Of course, this terrible crime should come as little surprise. Our country's fathers foresaw actions like those taken by the Filching Four. In fact, Section 19 of the Coinage Act of April 2, 1792 specifically outlawed the debasing of US currency.

The punishment, it was decreed, for such a traitorous act, should be no less than death. This penalty, with its startling barbarity and beautiful simplicity, most certainly fits the crime perpetrated against the American people since 1987.

Monday, January 4, 2010

Outlook for the Dawning Age

The past couple weeks have seen very little activity in the market, with trading volume slowing to a crawl. This is not unusual given the time of year, for several reasons, all of which have caused the market to remain level, more or less.

While many traders and money managers have been spending time with their family for the holidays, none of those who remain active want to “rock the boat” by causing any big market swings. Most have completed their window dressing trades, and there has been very little profit taking going on. While we may see more profit taking after the first of the year, the market has so far been unaffected.

As we discussed last week, this week marks the end of an era. With the end of 2009, we come to the close of the worst recorded decade for stocks in history. This is certainly a discouraging thought, but fear ye not, for the worst decade in history for stocks is not at all likely to be followed by the second worst decade. Put another way, the next ten years probably won’t be anywhere near as a bad as the last.

Think back to the 1970s, which were an absolutely terrible period for the financial world. However, after bottoming in 1980, stocks went on went on have a fantastic decade, thanks mostly to tremendous recovery and growth in US manufacturing.

This time around, as the decade comes to a close, we’ve already made a substantial bottom, and staged a historically unprecedented rally. In some ways, we may be ahead of the curve. The argument now is where we go from here.

Forecasts range from this rally continuing back to old highs and beyond, to the other end of the spectrum where the likes of Eric Sprott, a Toronto-based Canadian hedge fund manager, and a very smart guy, saying the S&P 500 will break through its lows set early this year. That would mean more than a 30% decline from stocks’ current levels.

Our prediction, for what it’s worth, lies somewhere between these two polar opposites. We believe, and have stated repeatedly, that the market is well overdue for a correction. Whenever this correction does come, and rest assured that it will come, it will take commodities and stocks down while boosting the dollar. Further, the more time passes before the correction, the more violent it will be.

Note that we’re calling for a correction, not a bear market. In our view, loose money policies from Washington have allowed a surprising amount of borrowed money to build up in a few trades, particularly in gold. We think a correction is absolutely necessary to wipe out some of that debt and encourage sustainable price growth.

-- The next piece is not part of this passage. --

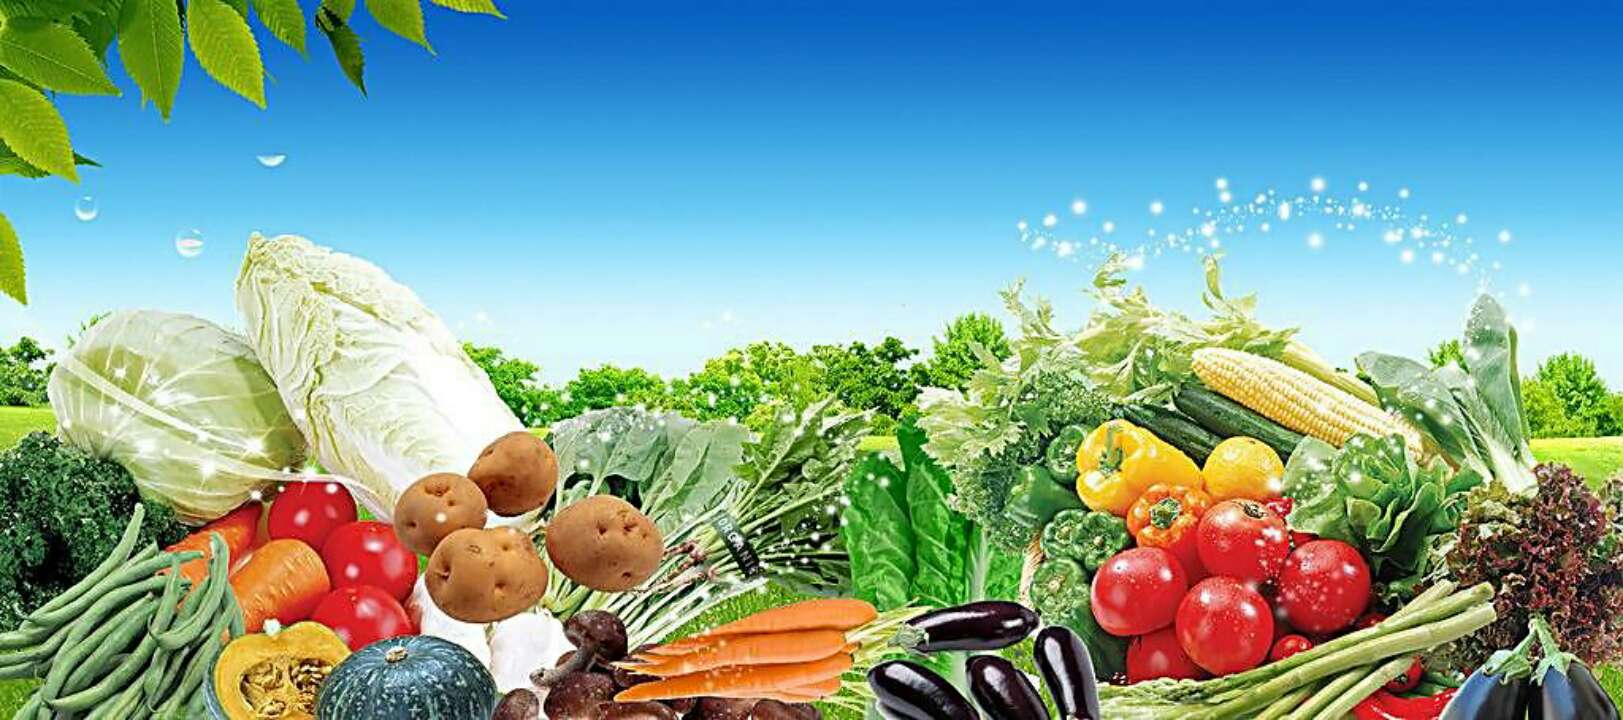 山东生活必需品价格继续走低 蔬菜批发均价3.87元/公斤

After this correction, we believe the market will trade within a range for an extended period of time, possibly as long as two years. As we wrote last week, there will undoubtedly be money to be made in this consolidation, but only by seasoned, active traders and money managers who do their homework.

As the market consolidates and builds a base of support, the economy will begin to recover, at which point inflation will rear its ugly head as the new money created by the Fed during bailout programs begins to circulate. This means that commodities will probably lead the breakout towards the end of the market’s consolidation, with stocks to follow as real economic growth resumes.

To some our outlook may seem bleak, but be assured that we are not fatalists. Things may not be great at present, and we will certainly face tough times again in the future, but the world isn’t coming to an end.

One of our favorite sayings around the office is “this too shall pass,” and it has proven true time and time again as we see that everything cycles, especially the markets. Investors need to focus on weathering each passing storm without getting discouraged.